Bonjour,
Passer trois heures à attendre un bus (ou autre meecro) au bord d’une route syrienne vous arrive lorsque vous rêvez, au fond votre lit, sous la couette...
Pareil pour « l’arrêt de bus »... (au sens où vous semblez l’entendre) car ils s’arrêtent pour chaque lapin avec un chapeau (s’il prend la peine de faire signe) sauf s’il est complet.
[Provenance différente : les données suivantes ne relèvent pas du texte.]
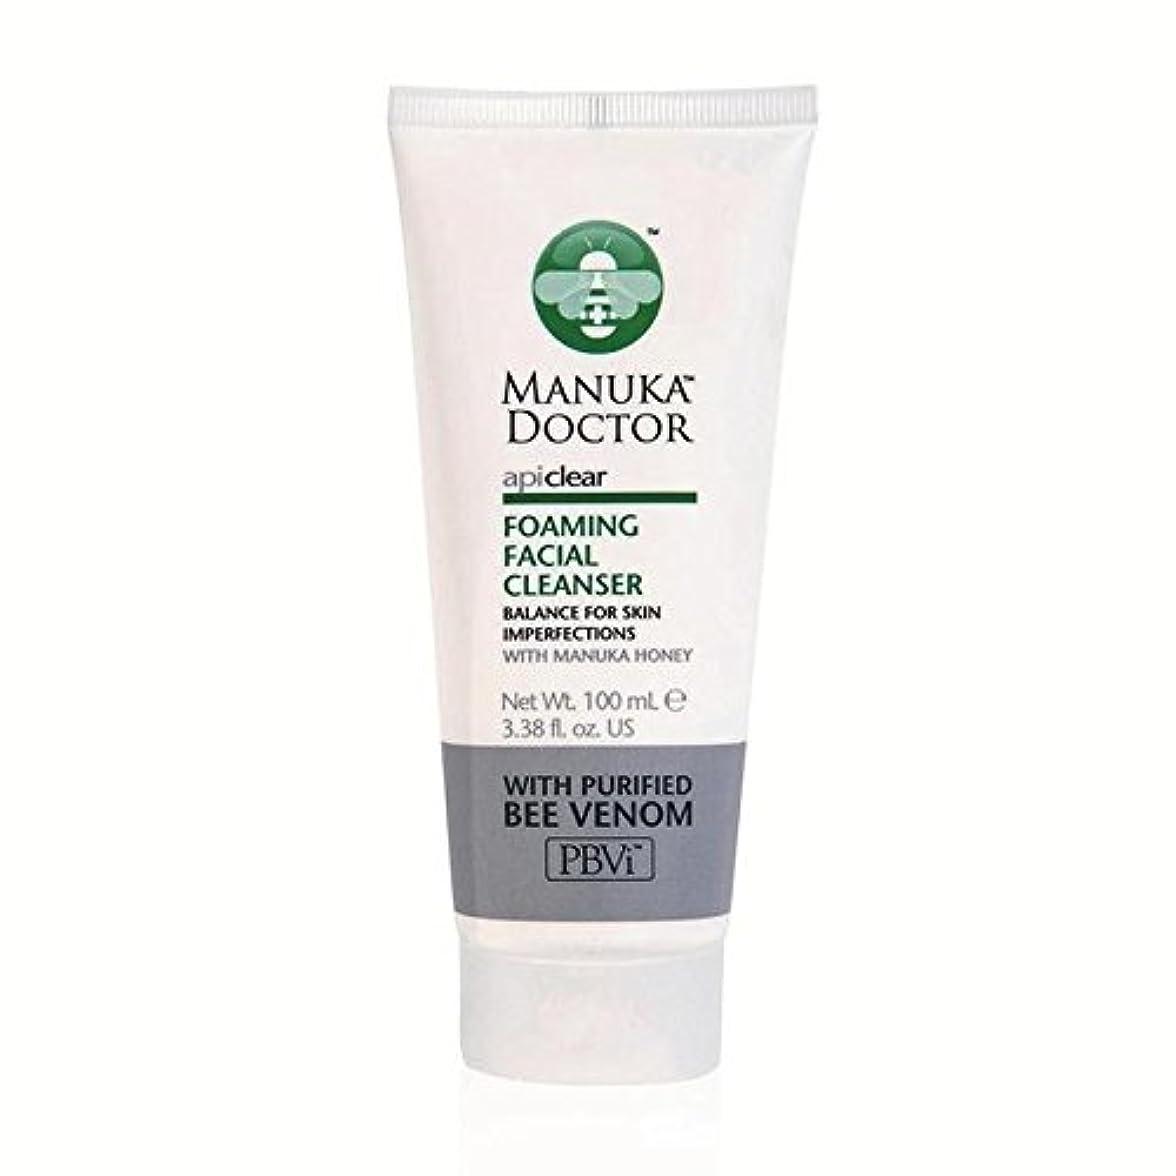 Manuka Doctor Api Clear Foaming Facial Cleanser 100ml (Pack of 6) - マヌカドクター明確な泡立ち洗顔料の100ミリリットル x6 [並行輸入品]

Mais dans ce cas, le suivant ne l’est pas non plus systématiquement...
Attendre à la gare routière qu’il se remplisse ne prend pas non plus une plombe vu que vous n’êtes pas le seul à « bouger »
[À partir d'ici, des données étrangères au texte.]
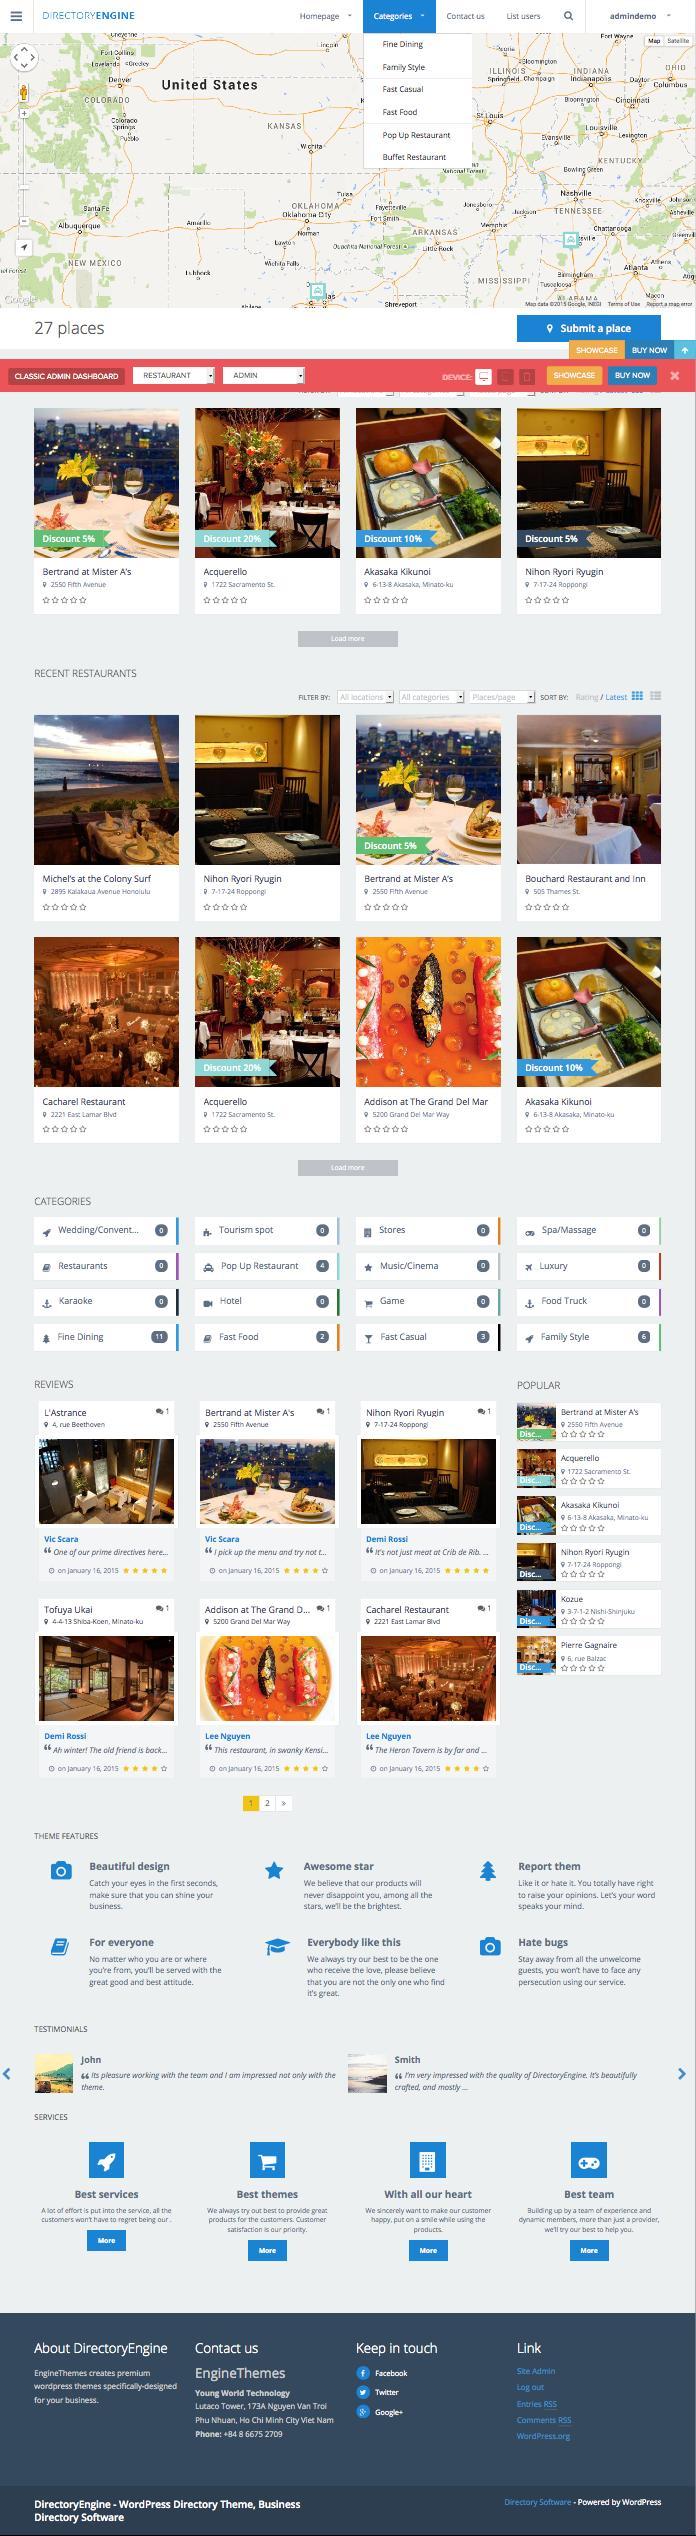 DirectoryEngine WordPress City Places Listing Theme

En vrai, et encore une fois
hormis pour les villes mortes, il y a un excellent réseau de transports publics en Syrie et on « ne perd pas de temps » à procéder de la sorte.
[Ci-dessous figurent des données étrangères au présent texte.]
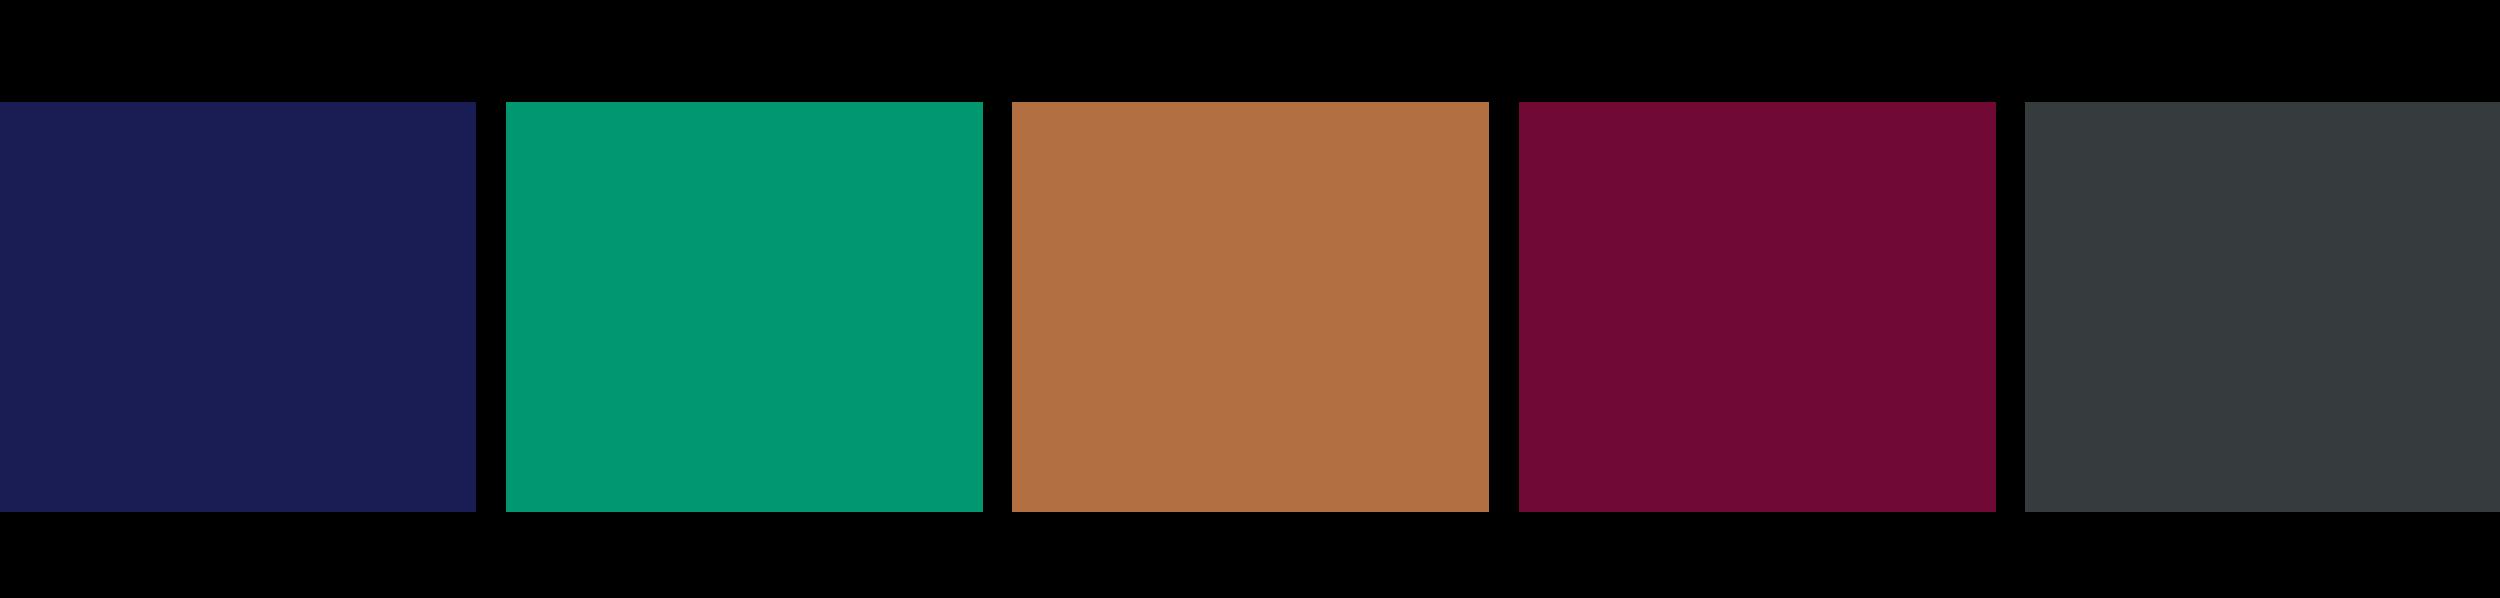 Light Skin Clothing Color Palette Guide

L’immense majorité des gens ne possédant pas leurs propres transports, les meecros, taxis et autres bus assurent les déplacements et sont nombreux.
Que vous préféreriez avoir votre propre véhicule est votre choix, que vous ne procédiez que de cette manière ne me fait ni chaud ni froid mais je ne suis intervenu que pour cette pseudo affirmation qui veut faire croire qu’emprunter les transports collectifs en Syrie vous entraîne dans des galères et vous fais perdre le sacro-saint temps (qui semble décidément être tjs si précieux même en dehors du boulot)...
Les déplacements étant également partie prenante d’un voyage et forme dès lors un tout.
Mon intervention n’est pas un critique mais juste une remarque. Elle ne vous vise pas spécifiquement car vous n’êtes pas la première personne à tenir ces mêmes propos.
S’il peut être vrai qu’emprunter les transports collectifs dans certains pays relève du parcours du combattant, le faire croire ou le penser pour la Syrie (hormis la zone déjà citée qui pose problème) n’est pas correct.
Je ne m’attends nullement à ce que vous changiez votre fusil d’épaule mais au moins que l’on ne raconte pas des choses qui ne sont pas vraies.